Виктора ворочали с бока на бок, как послушный манекен в витрине магазина, меняли промокшие от потливой слабости простыни. На холодных он сразу замерзал и начинал дрожать, но тут подключали капельницы, выдавали опять какие-то пилюли, делали уколы, и он опять чувствовал себя, как летом на юге, в командировке, когда ни попить, ни остановиться, ни прикрыться ничем от палящего солнца.
На третий или четвертый день он, наконец, нашел в себе силы, чтобы спросить, сдерживая кашель, казалось, самое смешное и банальное, как в плохом кинофильме:
— Где я?
Слабый шепот был услышан и понят правильно.
— В больнице, где же еще.
Ну, да, в больнице, конечно. А что он хотел услышать? Адрес? Географическое местоположение? Административное подчинение? Как там у классиков? «К черту подробности — в какой Галактике?».
Виктор осторожно кивнул — понял, мол — и снова закрыл глаза. Смотреть на белые стены было больно. Двигать глазами — тоже. Но и спать было невозможно: кашель раздирал легкие. Что-то тяжело булькало под ребрами, но откашляться было нельзя. Кашель был сухим, поверхностным, от которого болело в горле, и выступали слезы. Ему подавали запить, приподнимая под спину. Вода опять была горькая. Почти такая же, как были страшно горькими желтые порошки акрихина, которыми его пичкали после второй командировки.
И все равно, даже после стакана воды, во рту было сухо.
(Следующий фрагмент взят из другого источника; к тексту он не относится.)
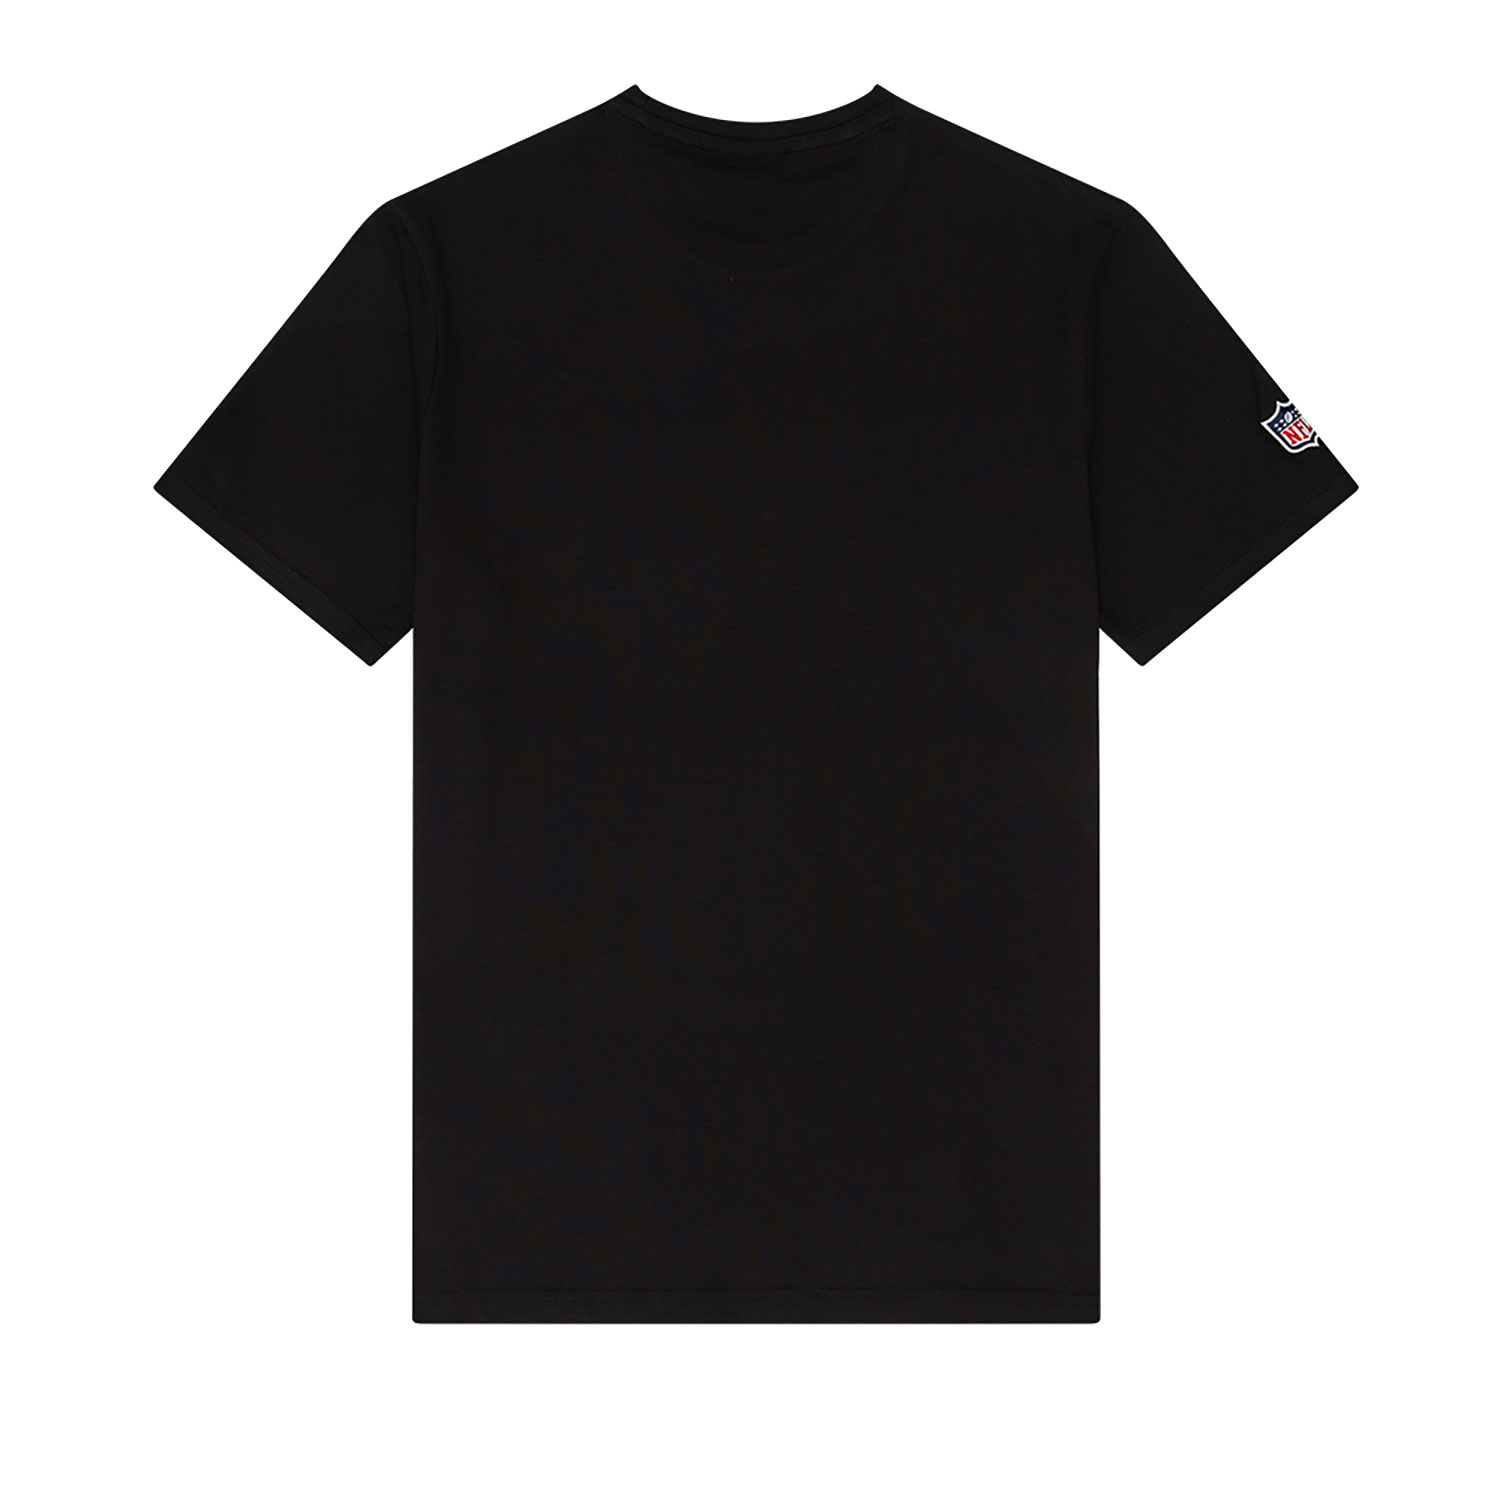 Las Vegas Raiders NFL Black T-Shirt

А во сне, в мутном, липком сне, который наплывал и накрывал тяжелым жарким одеялом в любое время суток, ход которых все равно было не угадать, Виктор опять отдавал приказания, и верный Мартичук, орденоносный Мартичук, с которым без царапины прошли две южные командировки, снова уходил в темноту, не обернувшись на прощание.
Виктор вздрагивал, жаркая волна поднималась к голове, приливала к щекам: как же звали его? Неужели он забыл, как звали… Уф-ф-ф… Он снова успокаивался: Пашка. Конечно же — Пашка. И тут же снова в том же повторяющемся кошмаре понимал: Пашки больше нет. И никого нет. А он — есть.
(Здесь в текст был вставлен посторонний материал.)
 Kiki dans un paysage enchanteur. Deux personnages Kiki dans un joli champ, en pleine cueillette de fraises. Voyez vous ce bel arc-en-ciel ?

Еще через неделю, тяжело открыв глаза на стук двери, он увидел входящего в накинутом на плечи халате Клюева. Того самого, что принимал их оружие и «закрывал» их после Кислотного.
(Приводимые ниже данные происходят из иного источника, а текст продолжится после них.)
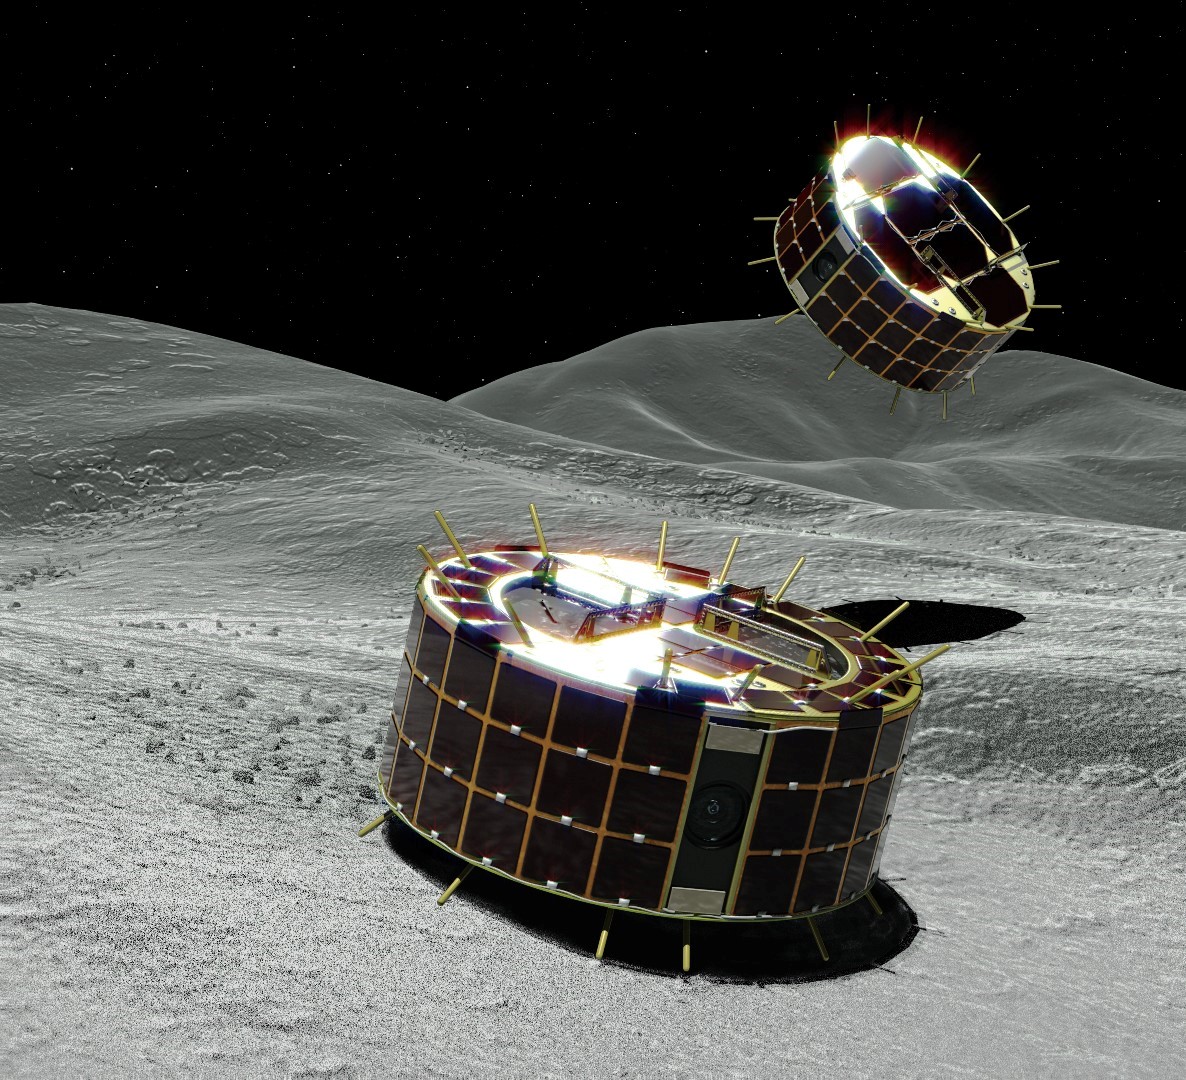 日本隼鳥2號太空船探測器成功登陸龍宮小行星| T客邦

— Лежи, лежи, майор! — махнул он рукой, хотя Виктор и не собирался даже дернуться — подумаешь, подполковник какой-то. Да еще не «свой». Правда, кто был бы своим сегодня, он еще не успел додумать.
Клюев подошел, такой же, как при первой ночной встрече: в ярко начищенных хромовых сапогах, отглаженной форме, с вузовским значком и колодкой наград на груди, прямой и как будто на пружинках весь, кажется, так и подскакивает при каждом четком шаге. Не присаживаясь, посмотрел сверху, прищурился слегка, как будто взвесил на каких-то своих внутренних весах. Нахмурился чему-то. Оглянулся по сторонам, увидел белый больничный табурет, ловко поддел его носком сапога, придвинув к кровати, присел чуть боком, как садятся на минуту, чтобы сразу вскочить и снова куда-то идти.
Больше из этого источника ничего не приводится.